Another flavor variation in my love affair with making protein cheesecakes with cottage cheese and protein powder. Blueberry and coconut make a tasty filling atop a crust of coconut butter, coconut flour and shredded coconut. Low carb and lucious — plus, as with all my protein powder cheesecakes, the ingredients and macros make it ideal for a post-workout snack, healthy dessert . . .or even breakfast!
Read on to get the the easy recipe for No-bake Blueberry Coconut Protein Cheesecakes!
The idea is simple, mix up a quick, no-bake crust (kinda like a cookie dough) from coconut butter (or can sub any nut butter), unsweetened coconut shreds, and coconut flour. Mash that down into little glass jars to make the foundation for the creamy filling.

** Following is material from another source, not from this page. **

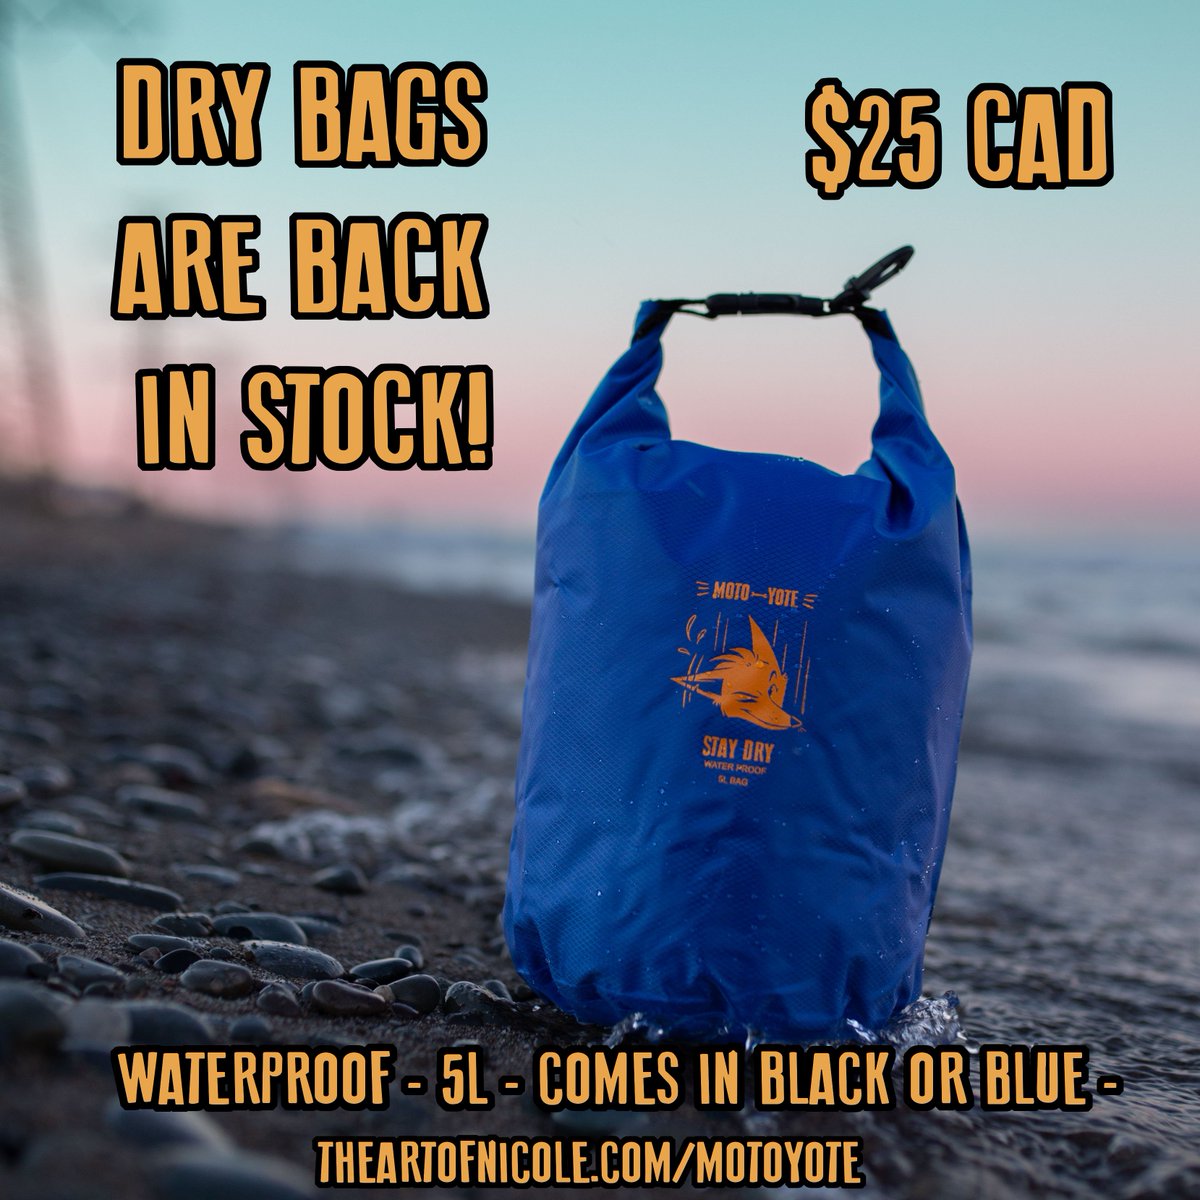 DRY BAGS ARE BACK IN STOCK 💦 Dry bags are waterproof and can hold up to 5L! Perfect for stowing away electronics, documents, etc to keep them away from the wet elements when you're out adventuring! Black, (and introducing) blue are available for colour options!

With upwards of 10 flavor variations of these cheesecakes in my rotation, I’ve pretty much nailed down the base for the filling — 1 1/2 cups of cottage cheese (I like to use 2% so it still tastes rich and creamy) and 2 scoops (approximately 2/3 cup) of a protein powder of choice.
Right now, I’m hooked on the Gold Standard Fit 40 Muscle Recovery Protein from Optimum Nutrition — it’s primarily a whey isolate with a few extra key ingredients to help optimize muscle recover and protein synthesis that starts dwindling in efficiency as we age. I’m all about getting enough protein in the day and tasty muscle-building food.
However, you can use any protein powder that you like . . .if you are looking for plant-based, vegan or strict Paleo-complaint, I recommend Clean Lean Protein from Nuzest, save 15% automatically by visiting my Nuzest page.
Put these protein cheesecakes in the fridge for an hour so they set up.I love how they are served into individual-sized glass jars, this makes portion control an no-brainer. Perfect for meal prep, you can make a batch of four blueberry protein cheesecakes and they will be just fine if kept covered and chilled for 4 to 5 days.
These individual protein cheesecakes offer 24g protein and just 10g net carb. Full nutrition details in recipe card.
Check out some of my other No-bake Protein Cheesecakes:
- No-bake Blackberry Dragon Fruit Protein Cheesecakes
- No-bake Green Chia Protein Cheesecakes
- No-bake Maple Pecan Protein Cheesecakes
- No-bake Peach Almond Protein Cheesecakes
- No-bake Pomegranate Chocolate Protein Cheesecakes
Disclaimer: This post contains affiliate links, I earn a small commission from sales that help support blog operations.
- 2 Tbsp. coconut butter or can substitute any nut butter
- ¼ cup coconut flour
- 6 Tbsp unsweetened shredded coconut divided
- 2 little packets stevia
- 1 ½ cups 2% cottage cheese
- 2 Tbsp coconut milk
- 2/3 cup vanilla protein powder
- ¾ cup fresh or frozen thawed blueberries, divided
-
Mix together coconut butter (or other nut butter), coconut flour, stevia packets and 4 Tbsp. of shredded coconut. Form into 4 equal sized balls, set in the bottom of a 7 to 8-ounce glass jar or ramekin, use back of spoon to press down into “crusts.”
-
In blender, mix together cottage cheese, milk, ½ cup of the blueberries, and protein powder until smooth. Stop blender to scrape down sides occasionally with spatula. Once smooth, spoon evenly over the 4 crusts.
-
Top cheesecakes with remaining blueberries and coconut. Chill finished cheesecakes for another hour before eating. Keep covered in refrigerator for 4 to 5 days.